29. A method of repairing a tile floor, the tile floor comprising:
a. a plurality of floor tile assemblies, each floor tile assembly
comprising: i. a floor tile member including a top surface, a
bottom surface and a perimeter thereabout; ii. a support member
having a perimeter edge thereabout, wherein the support member is
separate from the floor tile member, the support member is attached
to the bottom surface of the floor tile member, said perimeter edge
of the support member is located at the perimeter of the floor tile
member or within the perimeter of the floor tile member, the
support member is provided with at least one recess located by said
perimeter edge of the support member and under the floor tile
member, the support member includes a row of openings and/or a row
of projections located in said at least one recess and extending in
a direction perpendicular to said bottom surface of the floor tile
member, b. a plurality of joining elements configured to
interconnect adjacent floor tile assemblies, wherein each joining
element comprises: i. a central beam; ii. a cross-beam extending
perpendicularly to said central beam and having a bottom surface,
wherein said cross-beam includes a row of openings and/or a row of
projections located on either side of said central beam, and
extending in a direction perpendicular to said bottom surface of
said cross-beam, wherein, when each joining element interconnects
two adjacent floor tile assemblies: i. openings of the support
members of said two adjacent floor tile assemblies mate with
projections of the joining element, or projections of the support
members of said two adjacent floor tile assemblies mate with
openings of the joining element; ii. said central beam extends
between said two adjacent floor tile members, and abuts the
perimeters of said two adjacent floor tile members, the method of
repairing the tile floor comprising: releasing connections between
one of the plurality of floor tile assemblies and corresponding
joining elements in the tile floor, by lifting said one of the
plurality of floor tile assemblies from the tile floor, thereby
leaving a floor tile assembly opening in the tile floor, inserting
a further floor tile assembly in the floor tile assembly opening,
thereby connecting said further floor tile assembly to said
corresponding joining elements, and the central beams of said
corresponding joining elements abutting the perimeter of the floor
tile member of said further floor tile assembly.
Description
CROSS-REFERENCE TO RELATED APPLICATIONS
This application is the National Stage of International Application
No. PCT/EP2006/010463, filed Oct. 31, 2006, which claims the
benefit of European Application No. 05077491.8, filed Oct. 31, 2005
and International Application No. PCT/EP2006/005363, filed Jun. 6,
2006, the contents of which are incorporated by reference
herein.
FIELD OF THE INVENTION
The invention relates to a system for setting tiles using a number
of tile assemblies and joining elements interconnecting adjacent
tile assemblies, each tile assembly comprising a tile member and a
support member, the support member being connected to the underside
of the tile member and being provided with recesses for
accommodating parts of the joining elements. The invention further
relates to a tile assembly and a joining element for use in the
system. The invention still further relates to a method for setting
tiles, and a tile floor repair method.
BACKGROUND OF THE INVENTION
A system is known from U.S. Pat. No. 5,323,575. In this known
system the support member is provided with connecting elements
designed in such a way that one tile assembly comprising a tile
member and a tile support can be releasable connected to an
adjacent tile assembly. In this way a complete tile floor can be
made by interconnecting such tile assemblies. The construction,
however, is such that once the floor has been completed it is
extremely difficult to remove a single tile assembly without
damaging the tile in a non-reparable way. This is due to the fact
that the connection is made by male and female elements which are
alternately used on each tile assembly. Therefore it is difficult
to replace a single tile or a restricted number of tiles without a
substantial damage to a number of tile assemblies.
SUMMARY OF THE INVENTION
It is an object of the invention to provide a system as described
above in which these problems are avoided.

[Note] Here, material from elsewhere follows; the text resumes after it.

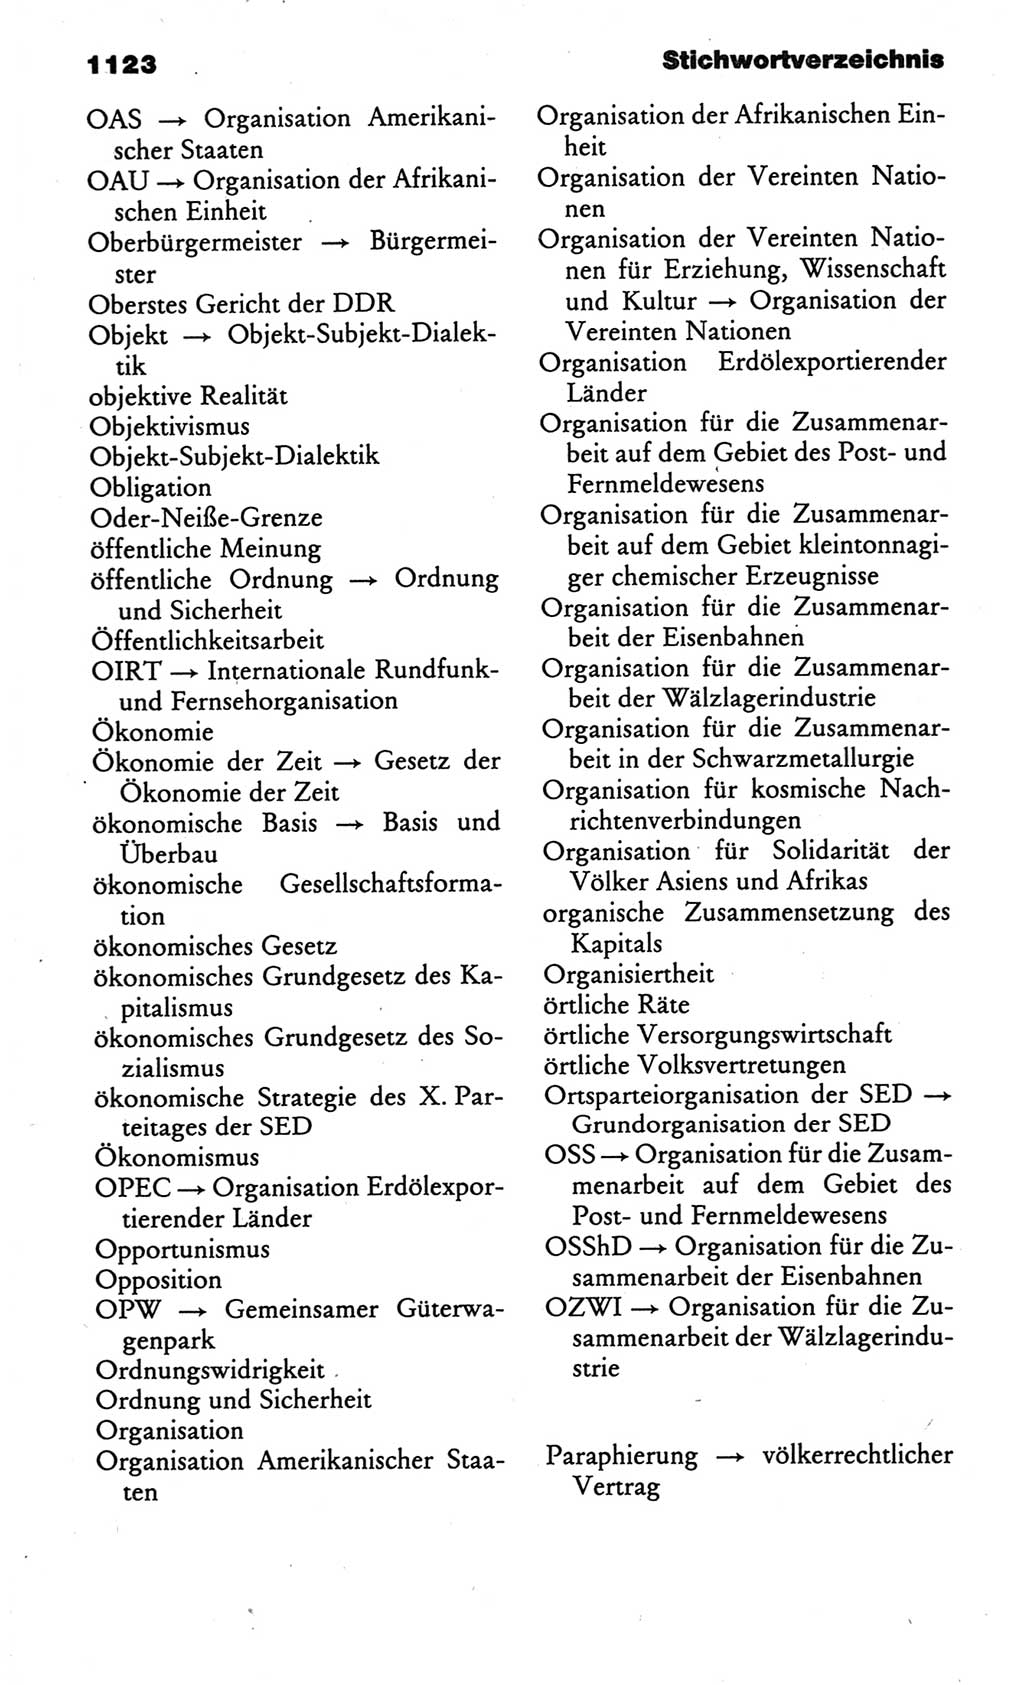 Kleines politisches Wörterbuch [Deutsche Demokratische Republik (DDR)] 1986, Seite 1123 (Kl. pol. Wb. DDR 1986, S. 1123)

This object is achieved in that the support member has a number of
openings and/or projections extending in a direction perpendicular
to a main surface of the tile member, and in that the joining
element comprises a strip-like member provided with openings and/or
projections fitting into corresponding projections and/or openings
of the support members of two adjacent tile assemblies.
By providing a separate joining element it becomes possible to
simply remove a single tile assembly from a location in a completed
floor by vertical lifting of this tile assembly, e.g. for cleaning,
or replacement in case of damage, thereby releasing the connection
(e.g. by friction) between the projections and/or openings of the
tile assembly and the openings and/or projections of the joining
elements. The same or another tile assembly may then be simply
placed at the same location to complete the floor again. In fact,
the whole tile floor may be laid and removed quickly, without
changes or damage to an underfloor, to the tile assemblies, or to
the joining elements. The tiling according to the present invention
reduces the required amount of labour substantially. The tile
assemblies and joining elements may be reused many times, making
the system according to the present invention particularly suitable
for use on fairs, exhibition grounds, flexible living and office
space, etc.
In an embodiment, part of the tile assembly overlies part of the
joining element. The interacting projections and/or openings are
located in said parts near edges of the tile assembly and the
joining element, respectively.
In an embodiment, the openings and/or projections of the support
member are located in the recesses of the support member.
In an embodiment, the recesses are located under the tile member,
so as to enable the joining element to be located substantially
under the tile member, and thereby become at least partly, or
wholly, invisible when a floor made up of the tile assemblies and
joining elements is completed.
In an embodiment, the openings and/or projections are arranged in a
row along the edges of each support member and joining element.
Thus, with a low amount of material a reliable connection along a
line can be made. Tile assemblies may be placed with full edges
facing each other, or shifted relative to each other over one or
more opening and/or projection pitches, if the openings and/or
projections are spaced uniformly in said row.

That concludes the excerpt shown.